→ **About this task**: Set down the full listing exactly as given. Any pictures are to be left out.

→ **Stored data**:
------------------------------------------------

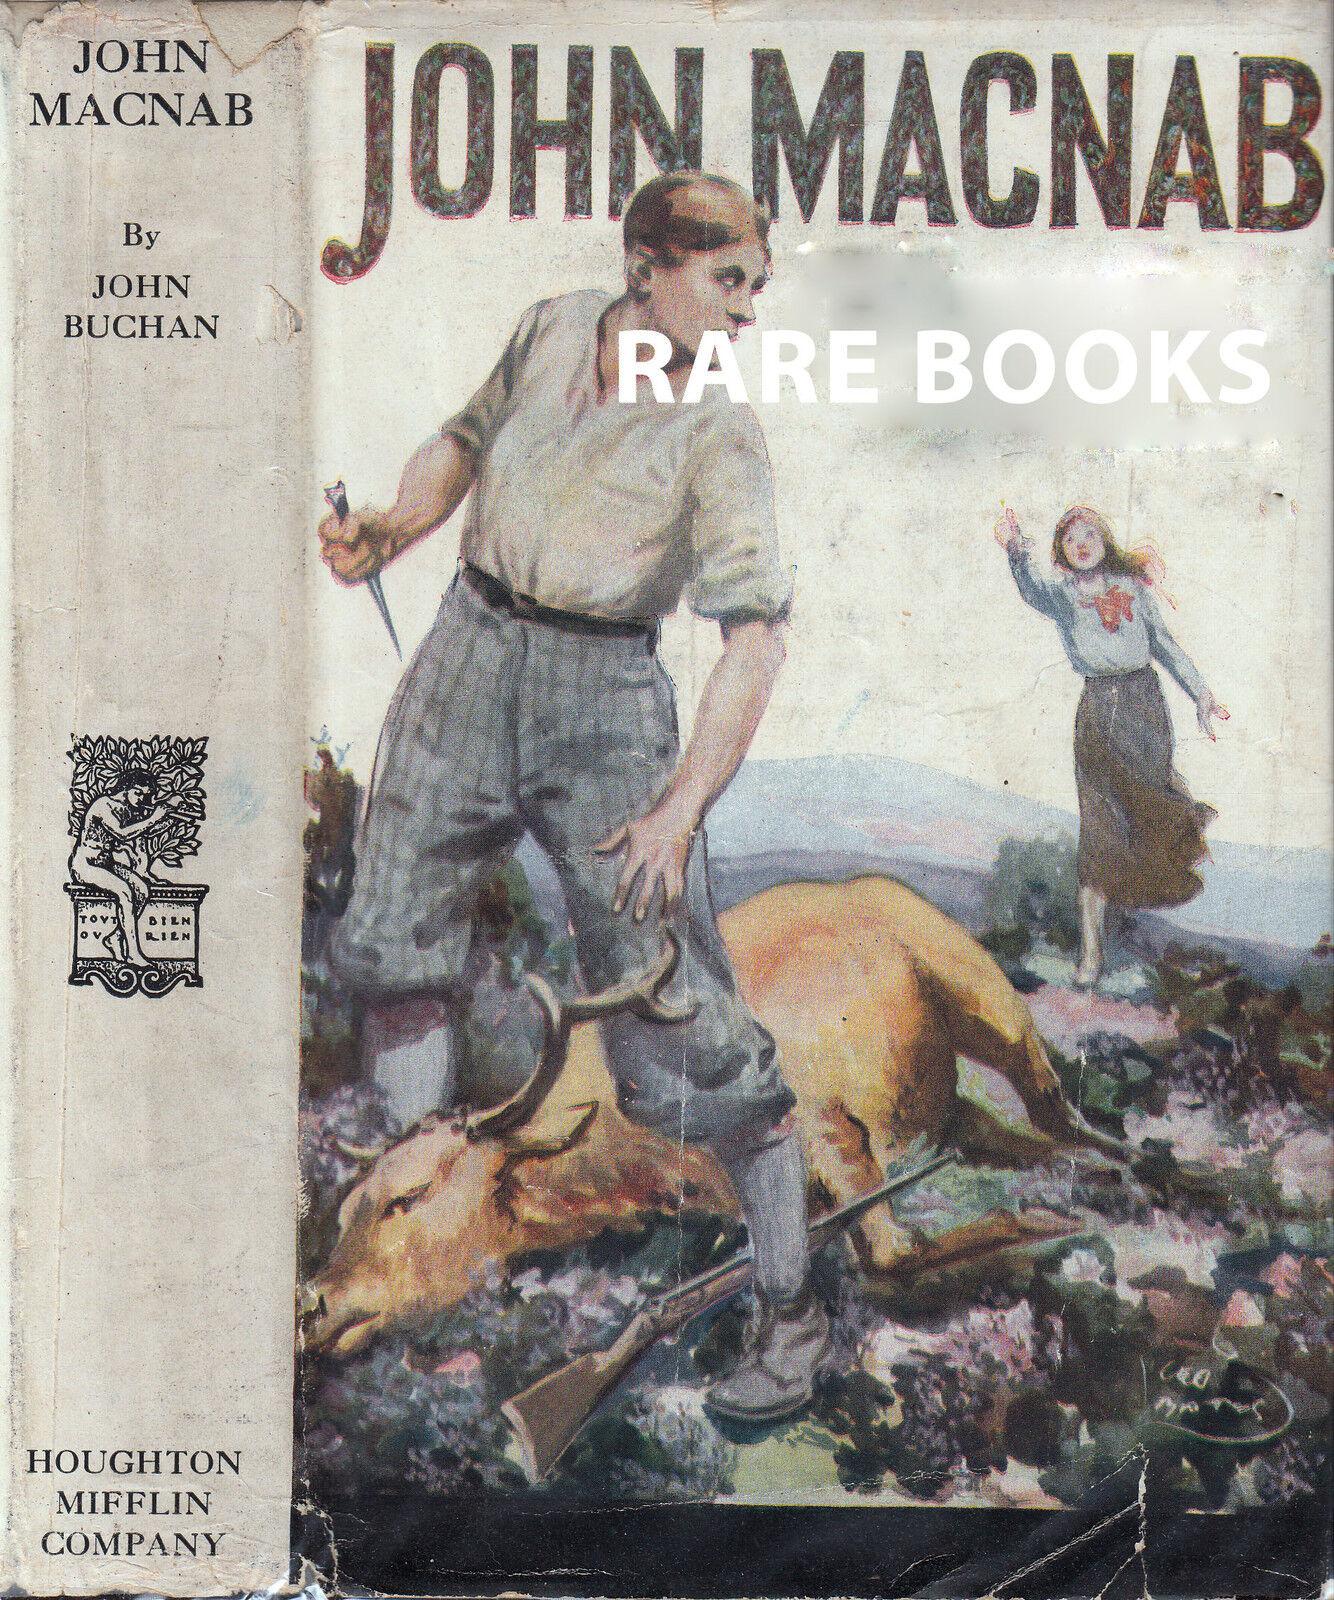 John Macnab Rare Books
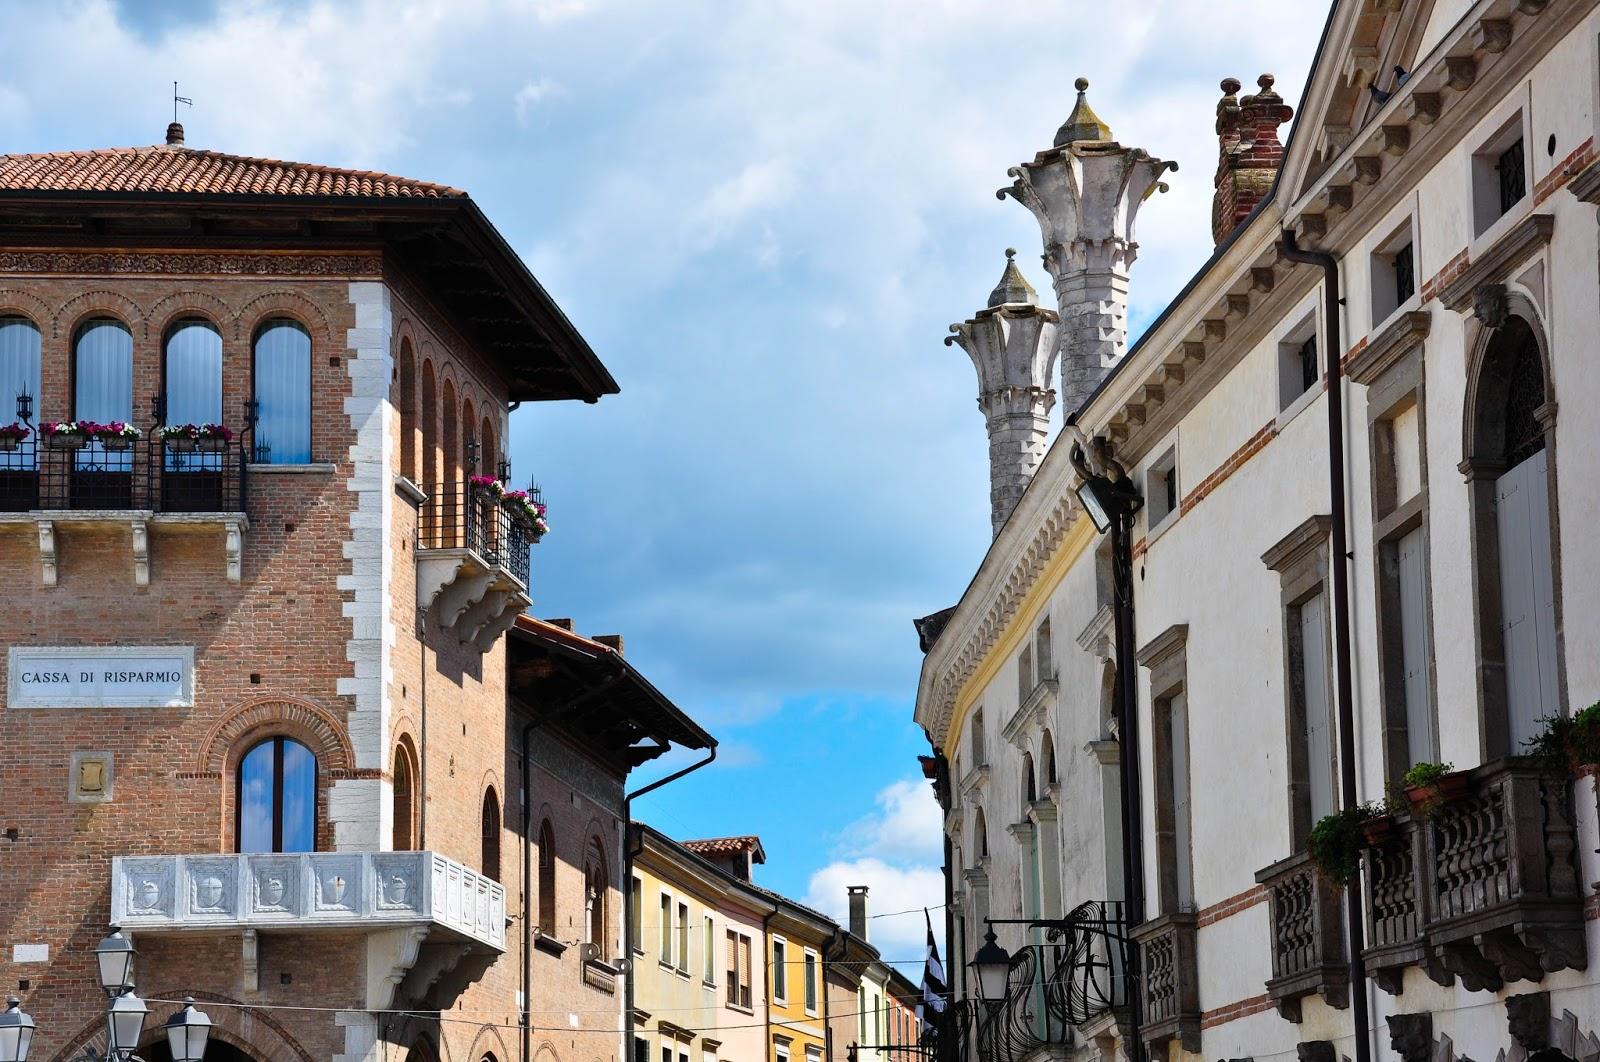 Houses in Montagnana, Veneto, Italy
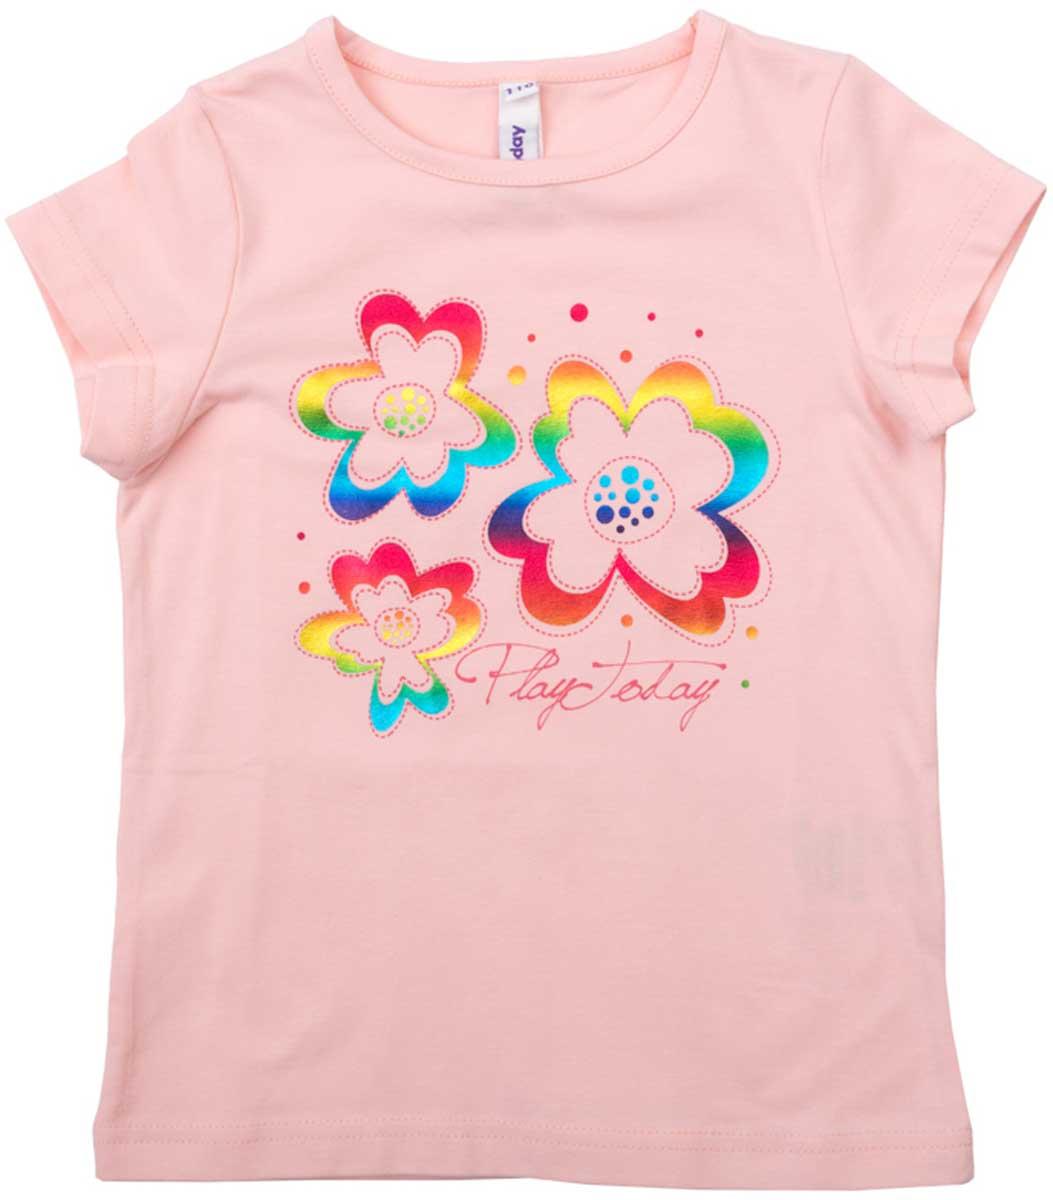 Футболка для девочки PlayToday, цвет: розовый. 172028. Размер 110172028Футболка для девочки PlayToday выполнена из хлопка и эластана. Модель с круглым вырезом горловины и короткими рукавами оформлена оригинальным принтом.

------------------------------------------------

→ **Exercise output**:
 John Macnab Rare Books
 Houses in Montagnana, Veneto, Italy
 Футболка для девочки PlayToday, цвет: розовый. 172028. Размер 110172028Футболка для девочки PlayToday выполнена из хлопка и эластана. Модель с круглым вырезом горловины и короткими рукавами оформлена оригинальным принтом.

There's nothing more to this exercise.